Introduction

Age-related macular degeneration (AMD) is a leading cause of blindness worldwide [1]. After establishment of their efficacy to treat exudative AMD, vascular endothelial growth factor (VEGF) inhibitors have been the mainstay for treatment [1, 2]. VEGF has a pivotal role in the homeostasis of blood vessels outside of the retina, including those in the heart and brain. VEGF stimulates the production of nitric oxide, which has multiple vasculoprotective effects, including vasodilation, antithrombotic activity, and angiogenesis [3]. Inhibition of VEGF has an antiangiogenic action, is associated with thrombogenicity, and thus might increase the risk of cardiovascular events, including stroke.

Ranibizumab has been the most widely used intravitreal VEGF inhibitor and is also the most intensively evaluated drug for its efficacy and safety through numerous randomized trials. The ANCHOR clinical trial showed a higher rate of arterio-thromboembolic events in those receiving 0.5-mg doses of ranibizumab than in those receiving a 0.3-mg dose or verteporfin injection, but the incidence of adverse events was too low to show statistical differences [2]. The MARINA trial showed that the rate of arterio-thromboembolic events was 4.6% in patients treated with 0.3 or 0.5 mg ranibizumab compared with a rate of 3.8% in those who received sham injections; none of the differences were significant [1]. The meta-analysis of the data from the MARINA, ANCHOR, and FOCUS trials revealed an increased but nonsignificant risk of cerebrovascular accident in patients receiving monthly ranibizumab injections compared with the corresponding risk in patients receiving sham injections [4]. A large observational cohort study using administrative claims data included 147,000 subjects and found no difference in stroke risk with ranibizumab compared with the stroke risk from photodynamic therapy (PDT), pegaptanib, or bevacizumab [5]. On the other hand, some studies have shown a correlation between ranibizumab and stroke or thromboembolic events. A recent meta-analysis involving 11 trials comprising 6596 patients with AMD showed a significant increase in systemic vascular adverse events with more intensive treatment [6]. In the SAILOR study, nonvascular death, stroke, and hemorrhage rates were higher in the 0.5 mg ranibizumab group than in the 0.3 mg group [7]. Despite the unquestionable effectiveness of VEGF inhibitors in restoring and improving the vision of patients with exudative AMD, the possible adverse effects on the systemic vasculature remain uncertain.
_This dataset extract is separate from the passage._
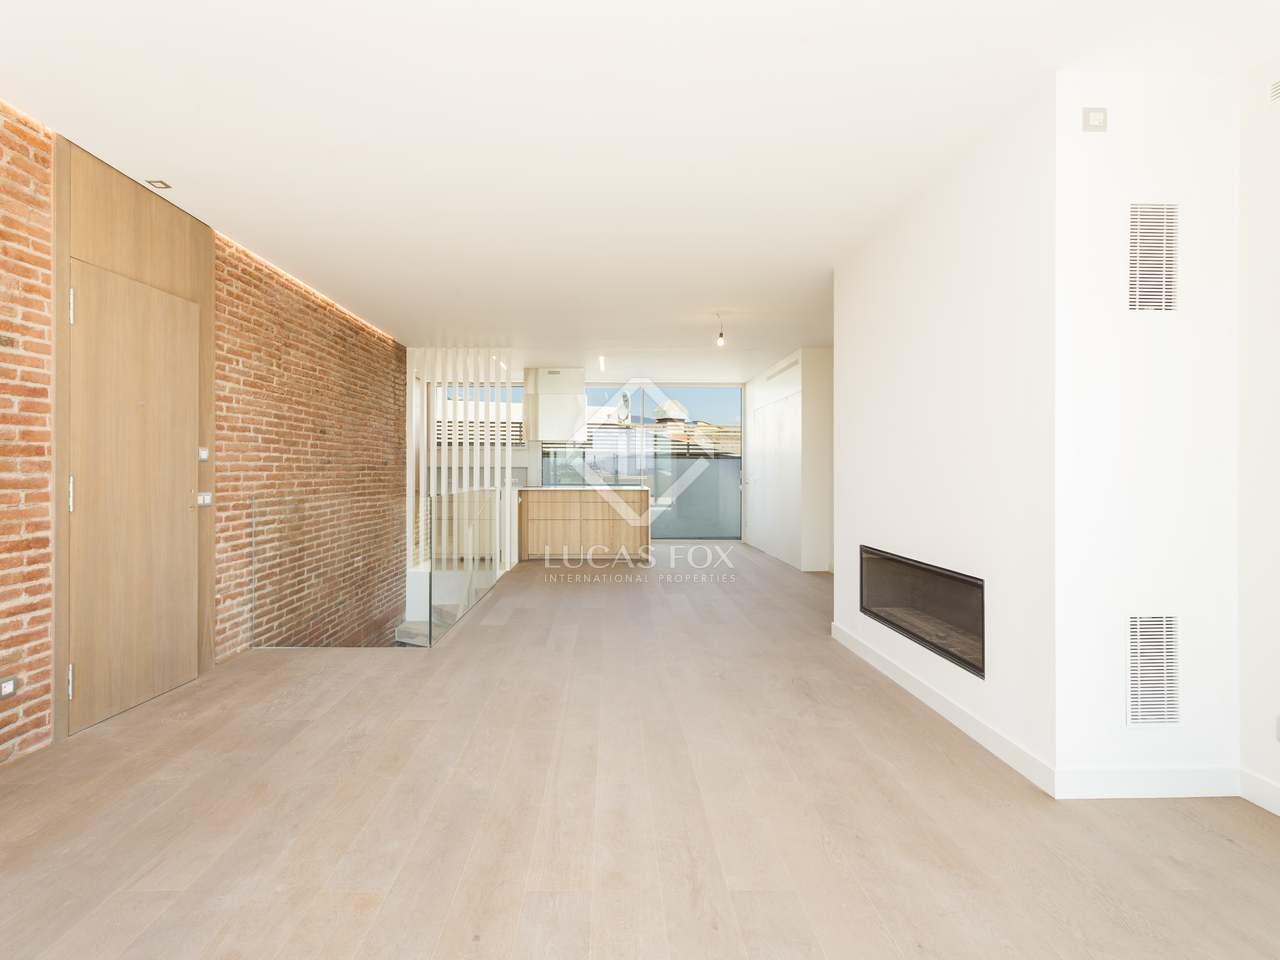 3 bedroom duplex penthouse for sale on avinguda diagonal for Three bedroom duplex

In this study, we performed a case-crossover study to investigate the association of intravitreal ranibizumab use with the risk of stroke in patients with exudative AMD using nationwide medical claims data in South Korea.

Methods

Statement of ethics

This retrospective nationwide cohort study design was reviewed and approved by the Institutional Review Board of the National Health Insurance Service Ilsan Hospital, Gyeonggi-do, Korea. (NHIMC 2015-02-021) The study adhered to the tenets of the Declaration of Helsinki, and written informed consent was waived.

Case-crossover study

We used a case-crossover study design to assess the relationship between intravitreal ranibizumab injections and risk of stroke in exudative AMD patients. Instead of using matched control subjects, the past experience of the case served as the case’s own control. Therefore, time-invariant confounders, including those that could not be measured, are controlled for by design. The case-crossover design has been widely used as a tool to evaluate drug safety and is particularly suitable when the exposure is intermittent, the effect on risk is immediate and transient, and the outcome is abrupt. The available data suggested that the potential anti-VEGF antibody-related systemic effect would be immediate and transient [8] and that the outcome (stroke) would be abrupt, such that the case-crossover design was an appropriate method in this study.

Database

This study used data from the NHIS-NCS 2002–2013 (NHIS-2015-1-070), which was released by the Korean National Health Insurance Service (KNHIS). The database included the entire population of Korea (n = 47,990,760), and we used the data from 2009 through 2014.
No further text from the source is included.